Никто не понимал поступка Трубникова, когда он ушел в хоспис, но все почему-то дружно замолчали и не спрашивали его больше об этом.
***
Стёпа зашёл в квартиру, еле дыша. Мама была дома: сегодня у неё первый день отпуска.
— Ма! Есть чего поесть? Чего-то живот свело!
Мама Стёпы, Раиса Романовна, ответила не сразу: шум включенного крана в ванной заставил её переспросить.
— Есть, говорю, охота, — с раздражением ответил Стэп и повалился на свою узкую, но приятно-мягкую кровать.
Мама сразу побежала к холодильнику, что-то вытащила в огромной желтой кастрюле и поставила на плитку.
— Ты со своим футболом теперь уже и кушать забываешь? Нельзя так! Нельзя, сына!
Раиса Романовна была очень доброй, — даже чересчур, — не только к своему родному сыну, но даже к окружающим её разным людям, у которых, как известно, нравы зыбкие и чаще всего сложные, со своими затаёнными уголками, в которых не находится место для других. А она со всеми была покладиста и открыта и, может быть, поэтому не могла нажить хороших и верных подруг, потому что в каждой открытой улыбке окружающие видели подвох. Когда-то одна из её лучших подруг, с кем Раиса Романовна дружила с первого класса, — увела её любимого мужа. Но даже несмотря на это она старалась сохранить свое неподдельное добродушие к другим: каждый раз переживала очередную потерю подруги, не находила себе места, нервничала, а по ночам даже плакала.

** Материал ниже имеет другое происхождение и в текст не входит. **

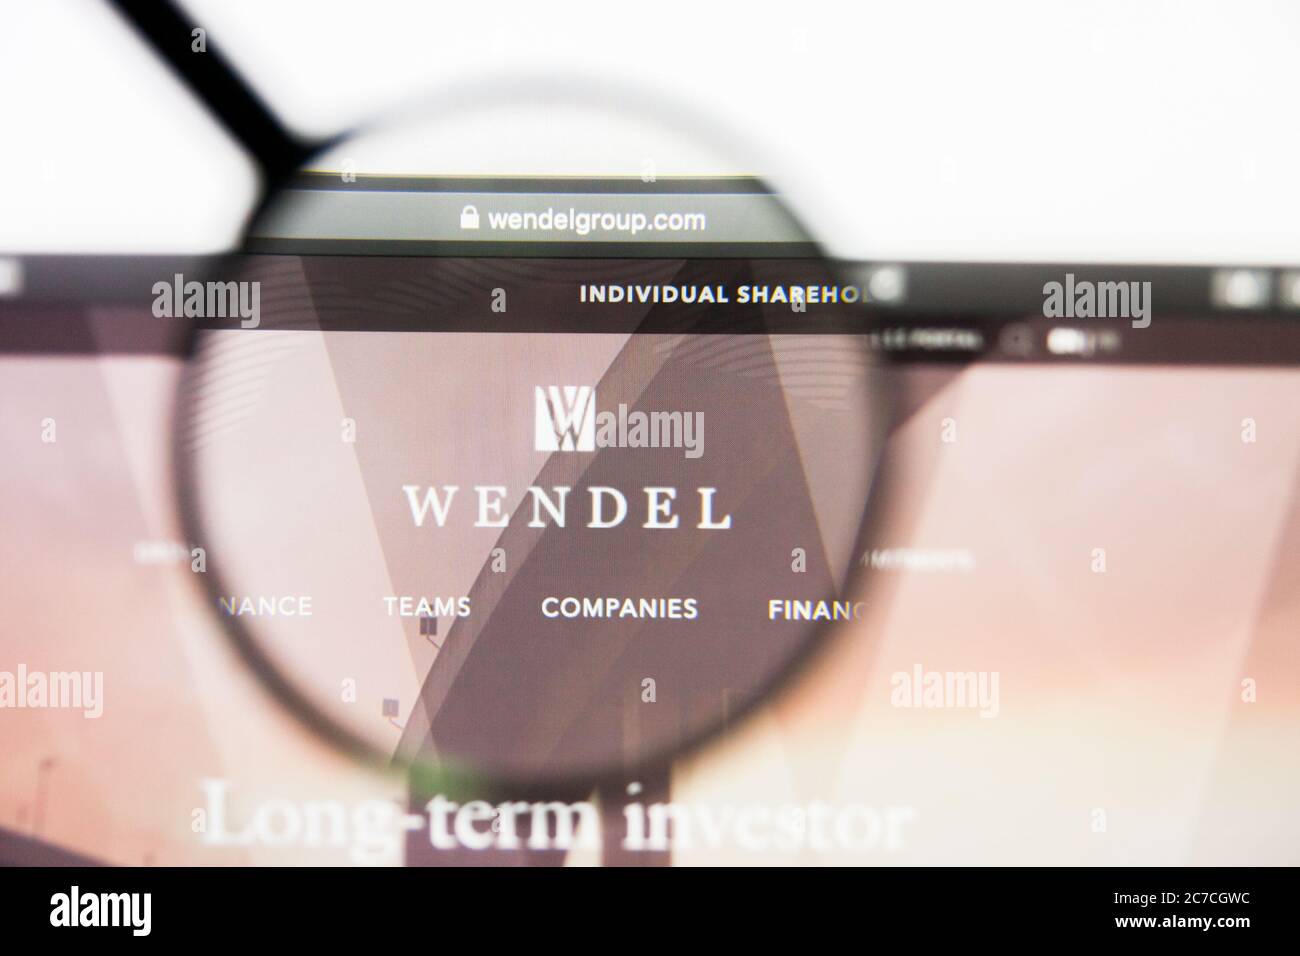 Los Angeles, Californie, Etats-Unis - 23 mars 2019 : éditorial illustratif de la page d'accueil du site Web de Wendel. Logo Wendel visible sur l'écran. Banque D'Images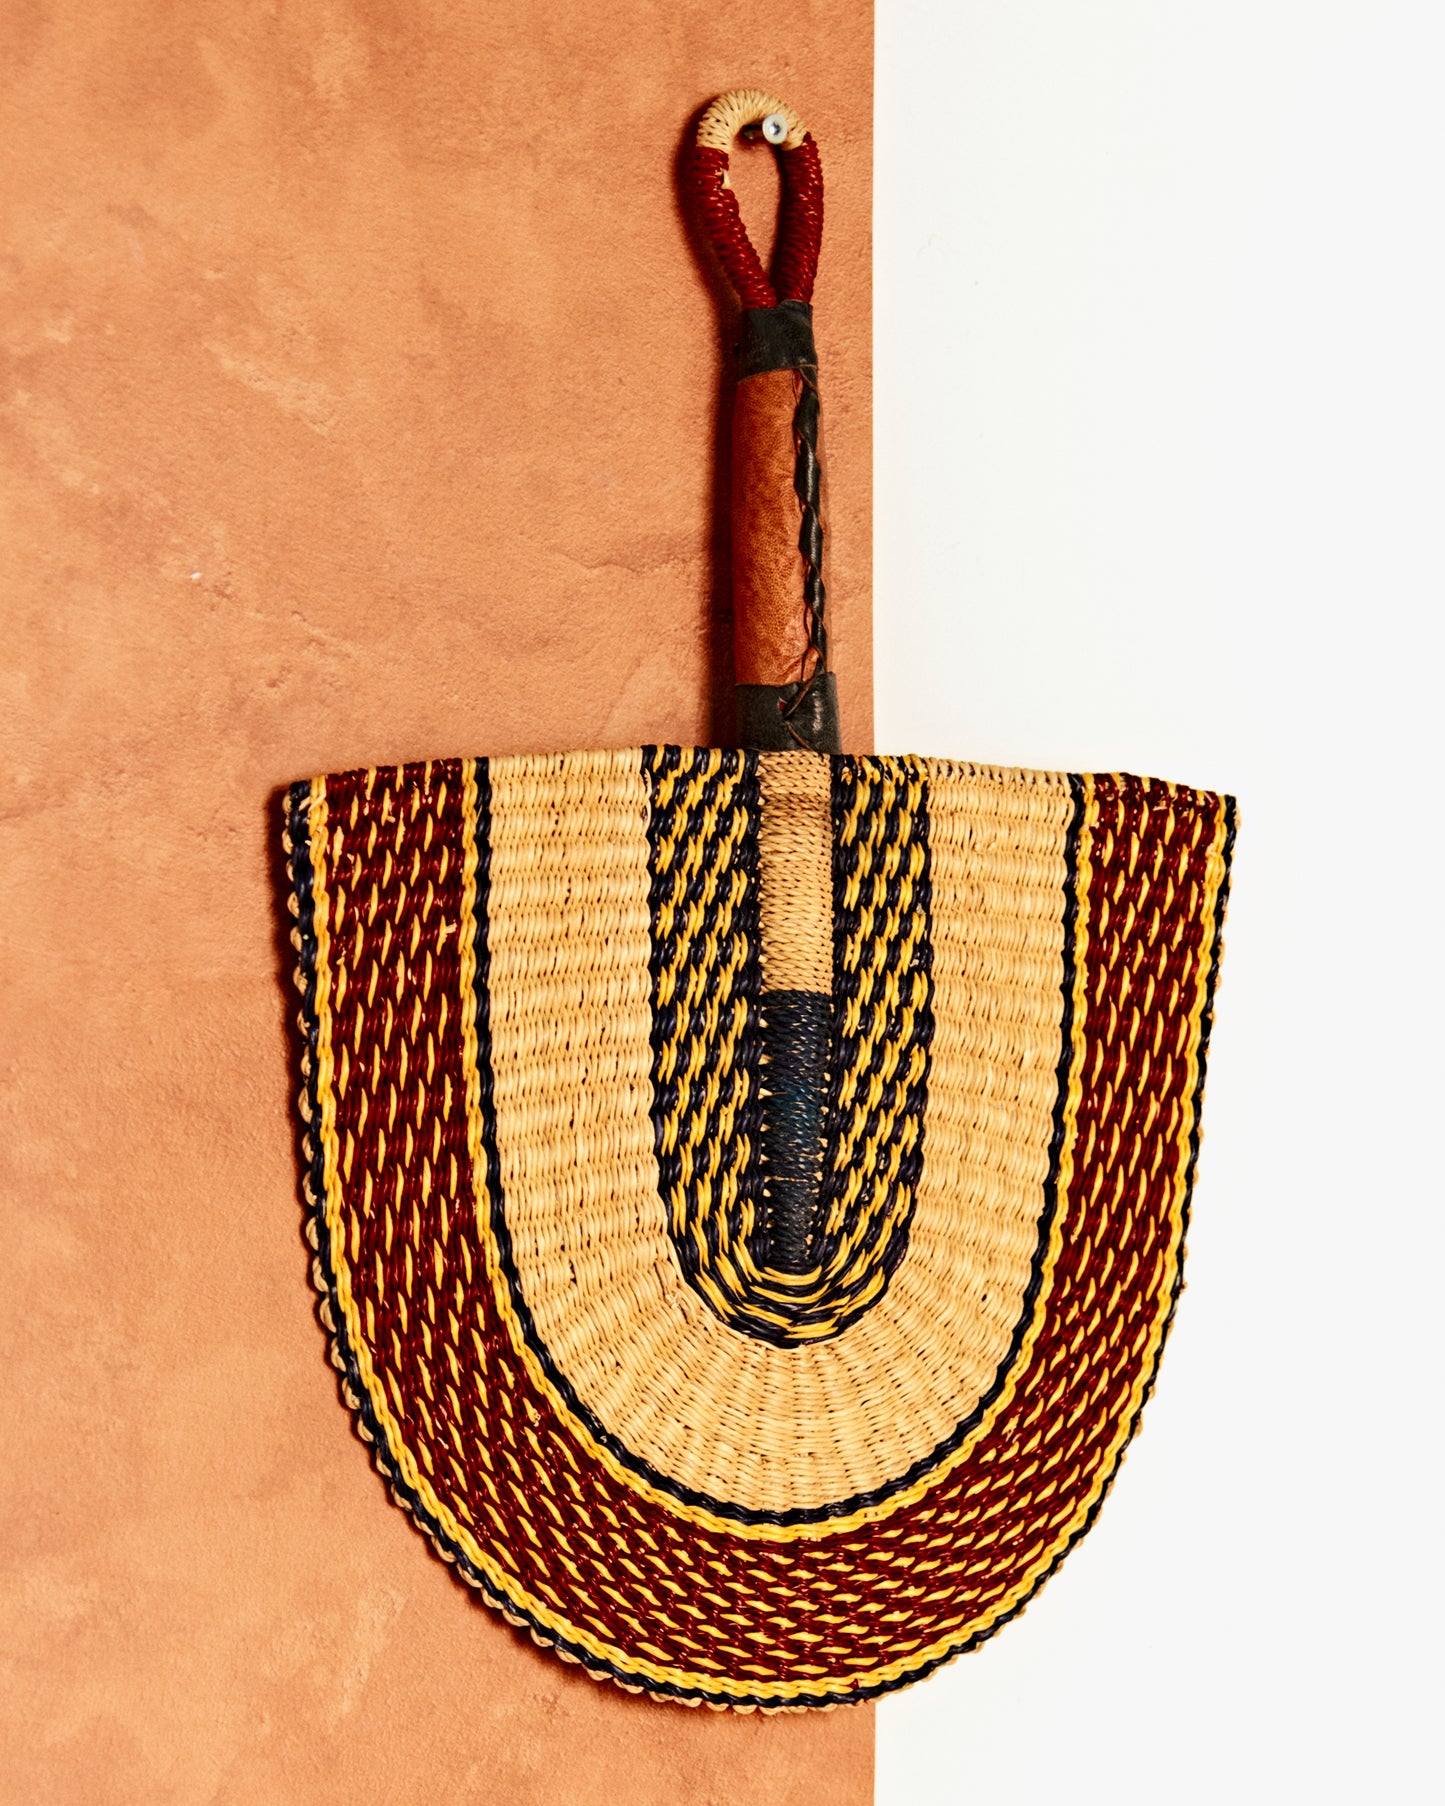 Benin Hand Fan & Wall Hanging

Женщина она была несимпатичной, но очень обаятельной, и обаяние её фонтаном брызгало улыбками и заразительным смехом.
«Ешь давай, мой форвард и больше не вздумай идти на улицу не поемвши», — распевно произнесла мама, разливая из кастрюли в тарелку ароматные щи.
Степке кушать уже не хотелось — и он начал вертеть ложкой и дуть на полоски вареной капусты, представляя себя бушующим ураганом.
— Ну и что теперь? — строго спросила мама, увидя как Степа сливает тарелку Гиру.
— Извини, ма…Уже не хочется. Можно я бутер себе сделаю, — виновато произнес Стэп и стал разрезать хлеб и «докторскую».
Мама улыбнулась и как обычно нежно ухватила двумя пальцами нос Степы.
— Эх, ты мой Стёпка-попка
Стэп засмеялся, отдернул мамину руку, сказал «ну хватит» и стал наливать себе молока.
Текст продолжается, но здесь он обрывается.